Prosody recognition

The prosody recognition (also prosody classification) is a branch of the automatic pattern recognition or the pattern classification. The patterns to be classified represent prosodic properties of speech. Therefore, prosodic features are often classified in combination with speech recognition .

Analyzed prosodic properties

Intonation (measurement of the fundamental frequency)

Intonation curve comparisons
Special features in the course of the intonation: After uttering a sentence and then taking a breath, there is often a so-called pitch reset , an increase in the basic frequency at the beginning of a new sentence. The fundamental frequency shows a falling tendency in the course of uttering a sentence, this is due to the exhalation. When uttering a sentence and inhaling at the same time, the basic frequency tends to increase.
Intonation at the end of a phrase: This has a special meaning in German, for example, yes-no questions often have increasing intonation, statements tend to fall in their end intonation.
Irony shows a completely different intonation than sentences intended in this way.
To emphasize (accentuate) syllables, words or phrases, e.g. B. to avoid ambiguity, the intonation can also be changed. The syllable, word or phrase is thus stressed differently.

Energy, volume and loudness

relative volume fluctuations

Duration, quantity, rhythm, speed of speech

Pauses between words (rhythm)
mean speech rate
Deviation from the mean speaking speed
Average phoneme length
Medium syllable length
Medium word length
Medium phrase length (until breath is taken again)

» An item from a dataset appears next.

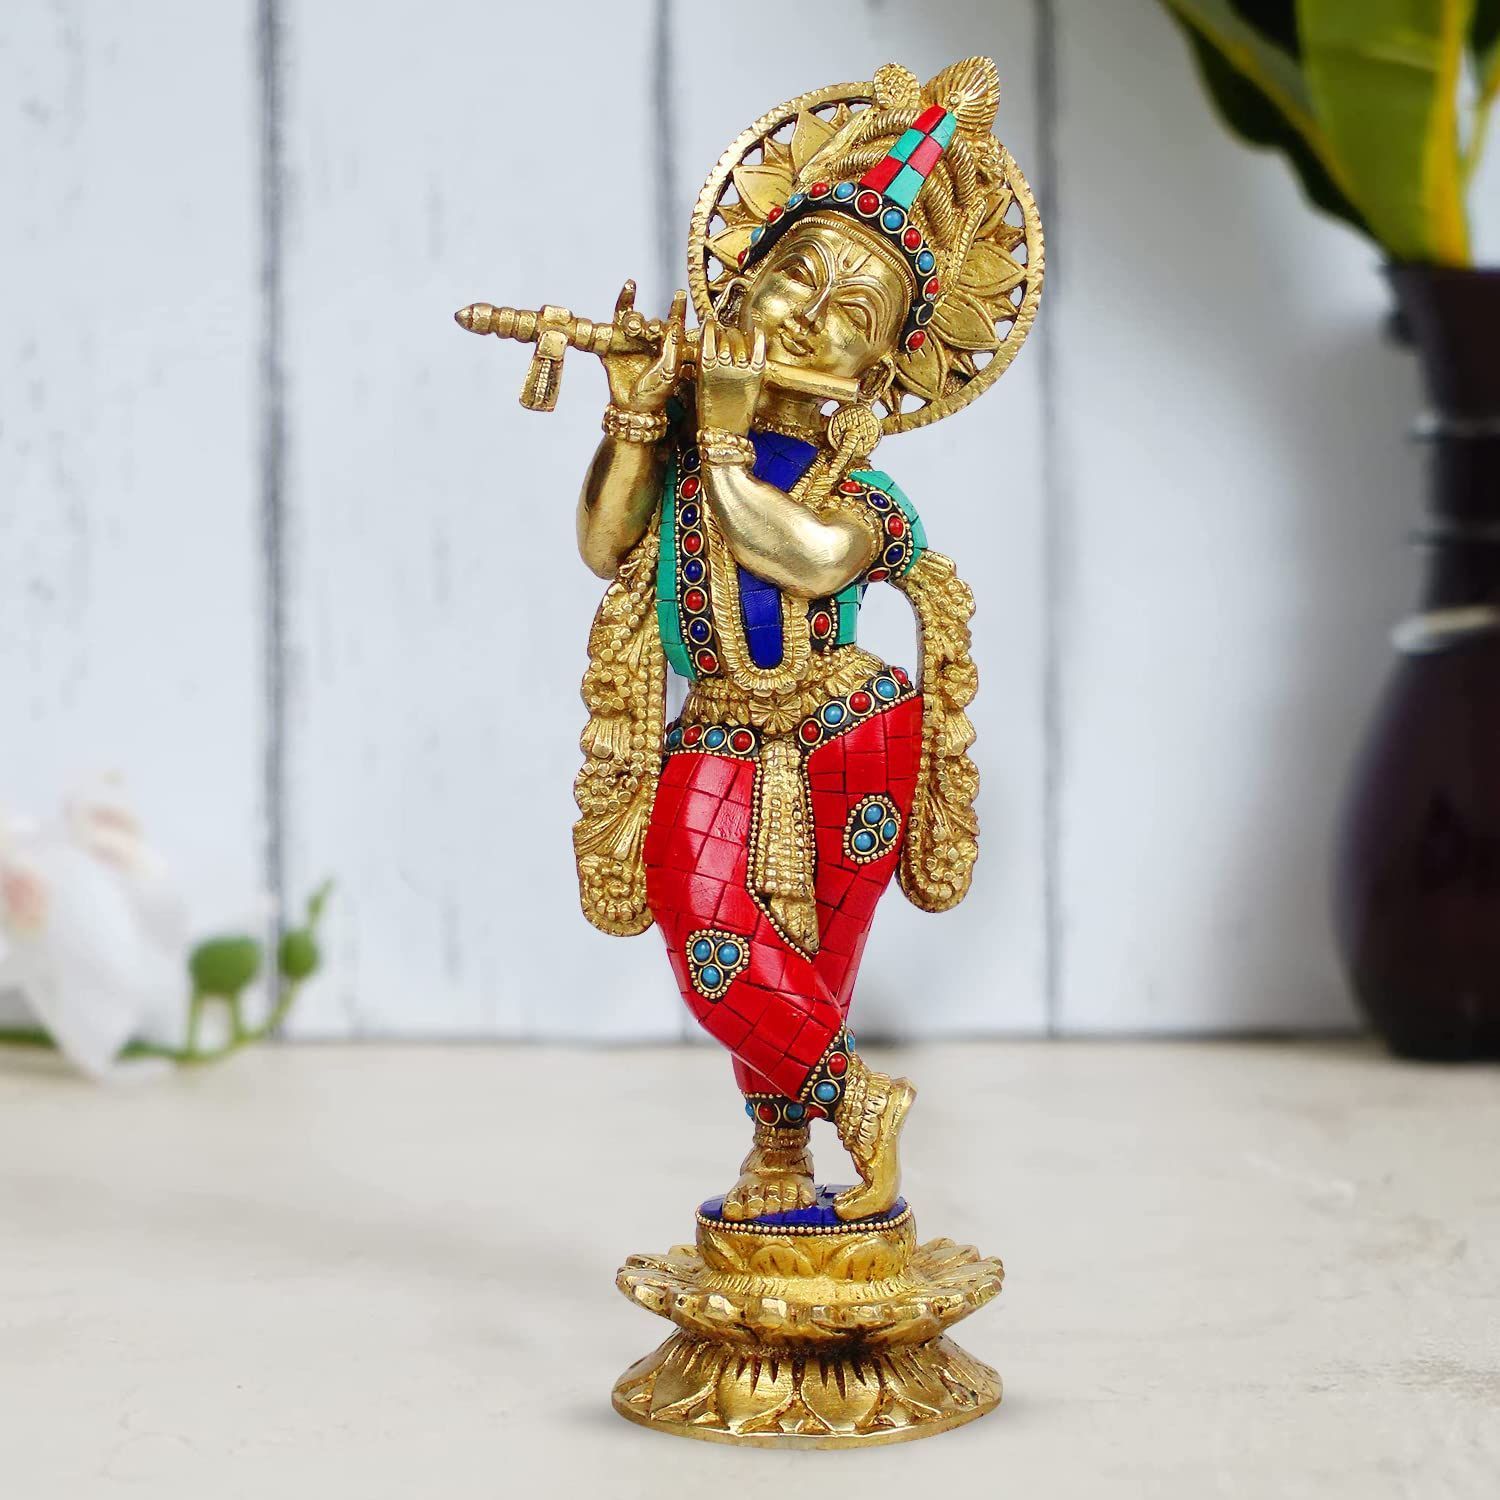 Buy TIED RIBBONS Gold Plated Radha Krishna Idol Statue Showpiece (Resin, 19  cm x 11 cm) - Decoration Items for Home Decor Living Room Mandir Temple  Pooja Room Table Top Office Decorative

These features are often mapped to linguistic models of prosody, especially intonation, because only these allow statements about the meaning of the measurements. In other words, they provide the classes that are required for pattern recognition and pattern analysis .

Preprocessing

Smoothing out microprosodic effects

Jitter and shimmer , known from micro prosody , produce irregularities in amplitude and frequency and must be removed from the speech signal before an automatic classification (e.g. intonation). This can be done by smoothing, in that the discretely sampled speech signal is smoothed with a median filter .

Interpolations

Plosives create a brief glottic closure. During this time the vocal cords do not vibrate and there is therefore no measurable basic frequency. This means that there are small gaps in the scan where no information is available. This can mislead an intonation classifier into classifying into the wrong category. Interpolation can improve correct recognition.

Detection examples

The intonation roughly corresponds to the basic frequency on the acoustic level. This can be extracted automatically from an audio signal using so-called pitch trackers (the Praat program contains, for example, a pitch tracking function). Series of fundamental frequency values arise. These discrete series of values can be approximated by means of regression analysis after interpolation and median smoothing by means of polynomials, for example straight lines . The course of the fundamental frequency can then be modeled using several more or less small straight sections. From this approximated stress curve of the utterance, conclusions can be drawn about special prosodic events, for example steeply sloping straight lines can point to a peak in the contour, i.e. an accented word. This can be useful for a robot's understanding of dialogue, because pure speech recognition does not provide any accent information.

Areas of application

Emotion recognition

The changes in the suprasegmental properties of speech are used to "read" emotional states from the speech signal. Excited people speak faster, angry people speak louder, and frightened people speak more quietly. Sad people speak slower and more drawn out.

robotics

Prosody recognition can be used so that robots can resolve ambiguities in different linguistic levels. This improves the performance of speech recognition and increases the acceptance of the robot as a conversation or interaction partner in human-machine communication . A robot also appears more human when it can use the emotional characteristics of the voice to change its own voice in a suitable way (compassionate voice for people who sound sad, joyful voice for happy people) or to adapt its facial expressions to the emotions. A recognition of irony or humor also improves acceptance as a natural interaction partner.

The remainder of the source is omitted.